The UAW is also fighting for work in its current companies, particularly in a US joint venture for battery production between General Motors and LG Energy Solution.
The joint venture known as Ultium Cells has announced $ 4.6 billion build two new plants and create 2,400 jobs in Tennessee and Ohio.
If they were unionized, which isn’t guaranteed because it’s a joint venture, those jobs under the UAW’s current contract would pay less than those at the automaker’s U.S. assembly plants. In comparison to conventional assembly work, the batteries are considered to be components or suppliers.

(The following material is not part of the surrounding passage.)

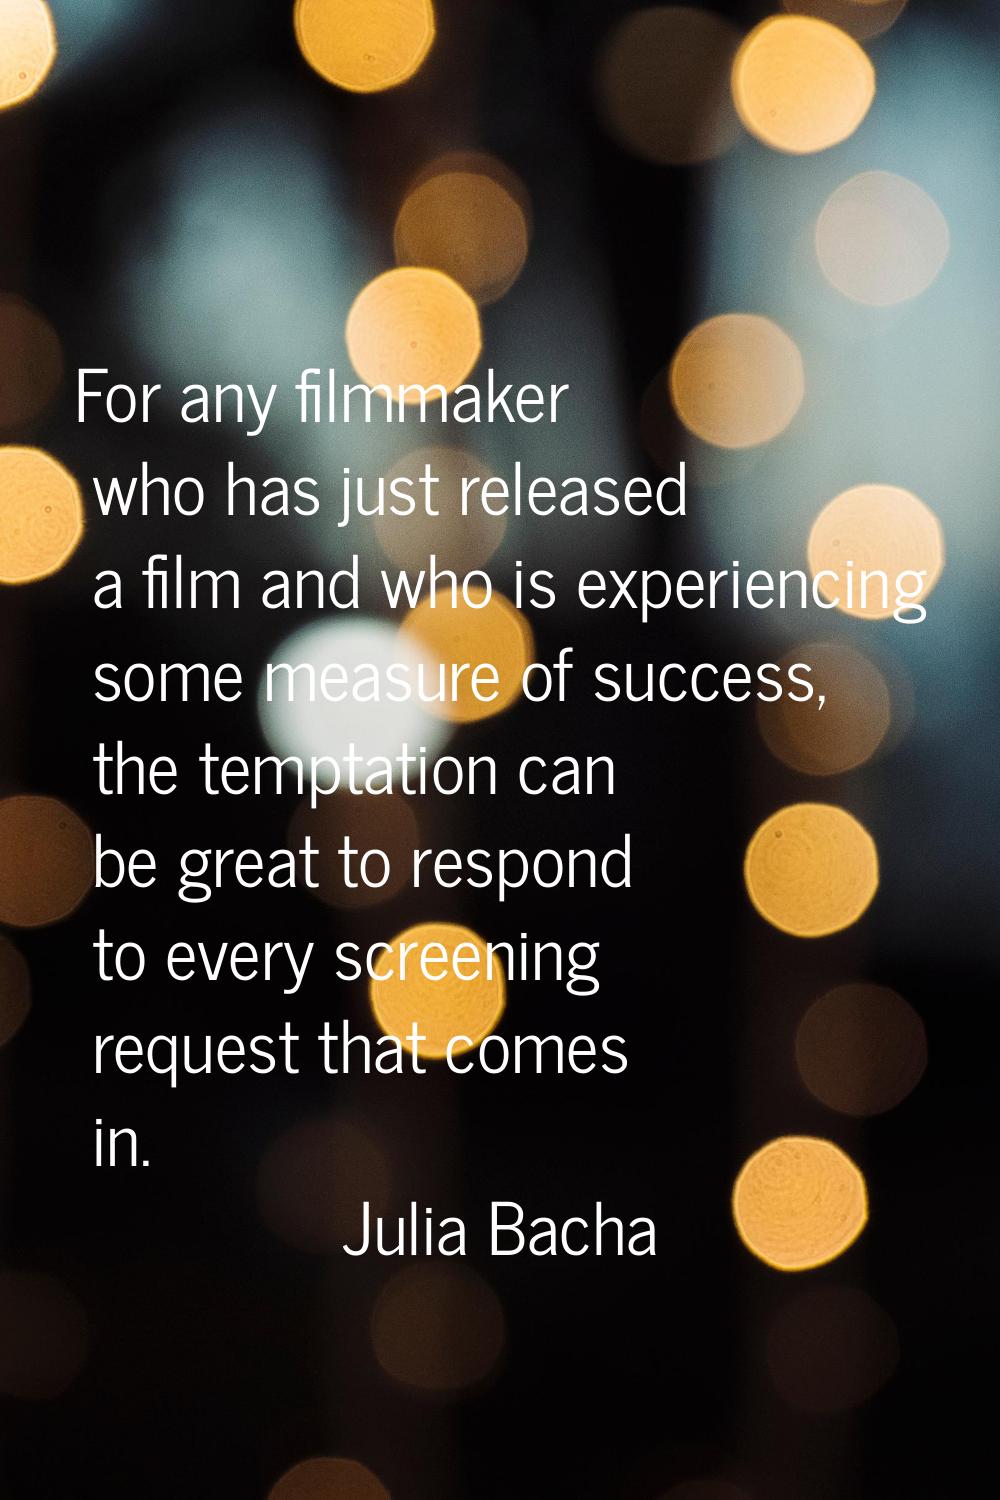 For any filmmaker who has just released a film and who is experiencing some measure of success, the

Gamble said he doesn’t believe the union has any legal recourse, but it “can instill in them their moral obligation to see that these new workers are treated fairly”. He added that the money GM is using to build the new facilities will come from vehicles that were largely manufactured by its UAW members.
GM CEO Mary Barra, at the announcement of the joint venture in December 2019, said it was “up to the workforce” to decide whether to unionize. She said the work will follow her “component strategy,” which traditionally pays about half to $ 10 less than the UAW’s highest hourly assembly wages of more than $ 32 an hour.
However, gambling may not be around to guide the union’s planned organizing efforts.
The 65-year-old leader, whose term ends in June 2022, is considering retirement after leading the union through “a very dark chapter” in its history.
Gamble was pressured to run the union in the middle of a company federal corruption investigation in the UAW Late 2019. The probe that was Voted for the union in Decemberresulted in the convictions of 15 people, including two former UAW presidents, three Fiat Chrysler executives and a former GM board member who was a union leader.
“I’m reviewing my options right now. But my biggest concern isn’t personal, it’s more about the organization and what’s best for the organization,” he said. “I will probably make a decision about what the future will look like shortly.”